- 21
Theodore Robinson 1852 - 1896
Description
- Theodore Robinson
- House in Virginia (Castle Hill)
- oil on canvas
- 18 by 22 in.
- (45.7 by 55.9 cm)
- Painted in March 1893.
Provenance
Estate of the artist (sold: American Art Association, New York, Oil Paintings and Studies by the Late Theodore Robinson, March 24, 1898, no. 35)
William T. West, Roselle, New Jersey
Private Collection, Casanovia, Virginia
Berry-Hill Galleries, New York
Acquired by the present owner from the above, 1989
Literature
Catalogue Note
We are grateful to Spanierman Gallery for providing the following essay.
From 1888 until 1892, Theodore Robinson spent most of his time in Giverny, inspired by the Normandy countryside and the example of his good friend and fellow artist Claude Monet. Eschewing the glaring, high-keyed color contrasts and dissolution of form associated with orthodox Impressionism, he instead developed a painterly style characterized by a soft tonal palette, structured compositions and a lingering concern for solid draftsmanship. Robinson's distinctive approach earned him critical success from the American art world back home; he won the Society of American Artist's Webb Prize in 1890, and its Shaw Fund Award in 1892. Soon he was being hailed as one of the foremost American exponents of the Impressionist aesthetic.
Robinson returned permanently to New York in December 1892, firmly resolved to "paint American" and eager to adapt his palette and style to the indigenous American topography. His initial forays into regional scenery began in March 1893, when he spent several weeks in Virginia with his friend John Armstrong Chanler and his wife, the former Amélie Rives, at Castle Hill, the ancestral home of the Rives family and the subject of House in Virginia. Located in Albermarle County, fashionable horse country to the northeast of Charlottesville, this venerable house was, and remains, one of Virginia's best known historical and architectural landmarks—home to two of the first families of Virginia and one of only a handful of structures that pre-date the War of Independence.

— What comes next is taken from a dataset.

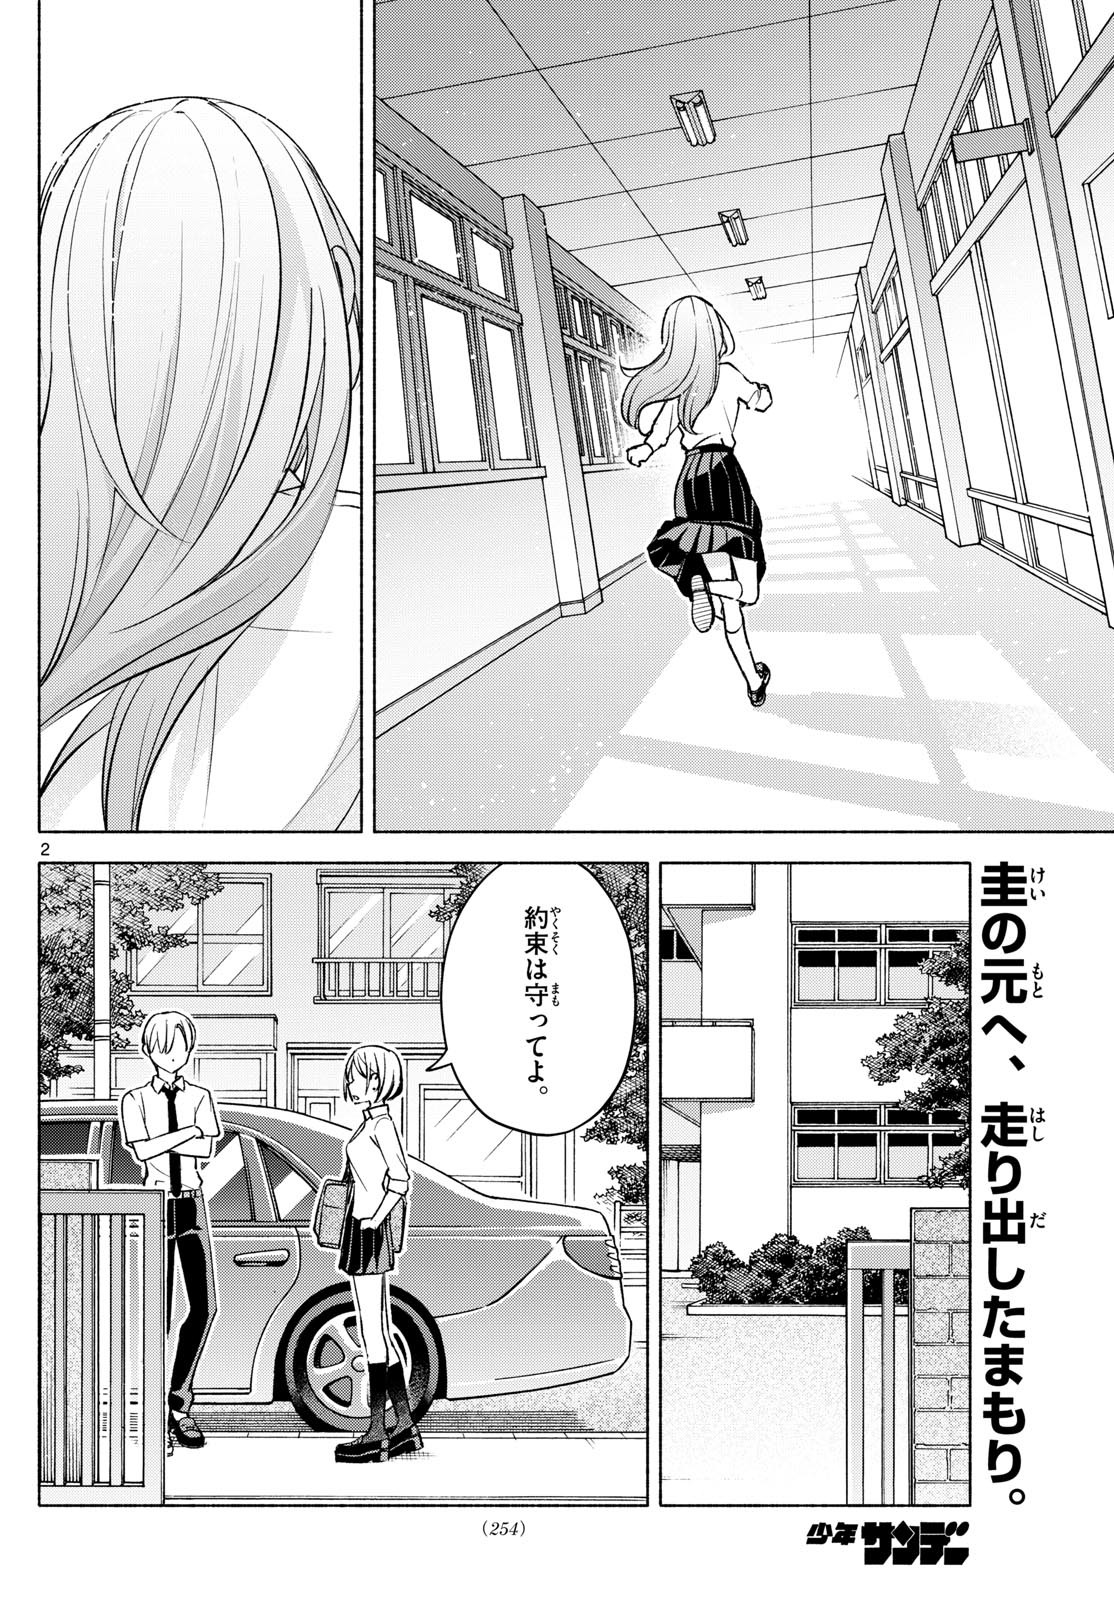 Kimi to Warui Koto ga Shitai - Chapter 040 - Page 2

Second in historical importance only to Thomas Jefferson's Monticello, Castle Hill occupies a unique place in Virginia's early history. The earliest portion of the house was built in 1764 by Dr. Thomas Walker, a physician, politician, gentleman farmer and an explorer of the American West who also happened to be Jefferson's guardian. During the Revolutionary War, on June 3, 1871, Jack Jouette (the "Paul Revere of the South") stopped at Castle Hill for refreshments and a fresh mount before continuing south to Louisa County in order to warn then-governor Jefferson of an impending raid by the British.
Walker's granddaughter Judith Page Walker later inherited the house prior to her 1818 marriage to William Cabell Rives, a United States senator, two-time Ambassador to France and scion of one of the state's oldest and proudest families. In 1824 the Rives' commissioned Captain John Perry to expand Castle Hill by adding a two-story brick Federal exterior—the façade as depicted in Robinson's painting—and adjoining wings. The home's grandeur was further heightened by a Tuscan-columned porch, high windows and an 800-foot front lawn based on a design from a French estate.
Castle Hill eventually descended to Amélie Rives, Robinson's friend, who used one of the spacious second story front rooms to pen her short stories, poems and, most notably, the highly scandalous novelette The Quick or the Dead (1888). Following her divorce from John Chanler in 1895, Amélie married the Russian sculptor, Prince Pierre Troubestzkoy in the drawing room at Castle Hill. In the ensuing years, the house continued its role as a gathering place for the intellectual and social elite, receiving such visitors as the writer H.L. Mencken, the photographers Alfred Stieglitz and Edward Steichen, and the actress Katherine Hepburn.
Robinson arrived at Castle Hill on March 6, 1893 and remained for three weeks, during which time he painted this lovely view of the house, a canvas that exemplifies the most salient features of the artist's mature style. In the work, Robinson crops the upper part of the scene, applying this popular impressionist device as a means of creating a vital sense of immediacy. This effect is heightened by the loose, open brushwork Robinson used to describe the landscape elements, a technique that is balanced by his firmer delineation of the architecture. His palette, wherein rich greens, ivory and buff tones merge and mingle with a bright red-orange and touches of yellow, blue and mauve, captures the glow of spring sunshine on this tranquil southern afternoon.
House in Virginia depicts not only one of the most beautiful homes in Virginia, but one that played a significant role in the nation's political and cultural history. The painting underscores the unique way in which Robinson manipulated form and color to evoke nuances of light and atmosphere. House in Virginia stands as a pictorial souvenir of his trip to the south, and one of his earliest impressionist depictions of American scenery—a precursor to the equally lyrical views he would go on to paint in upstate New York, Connecticut and Vermont.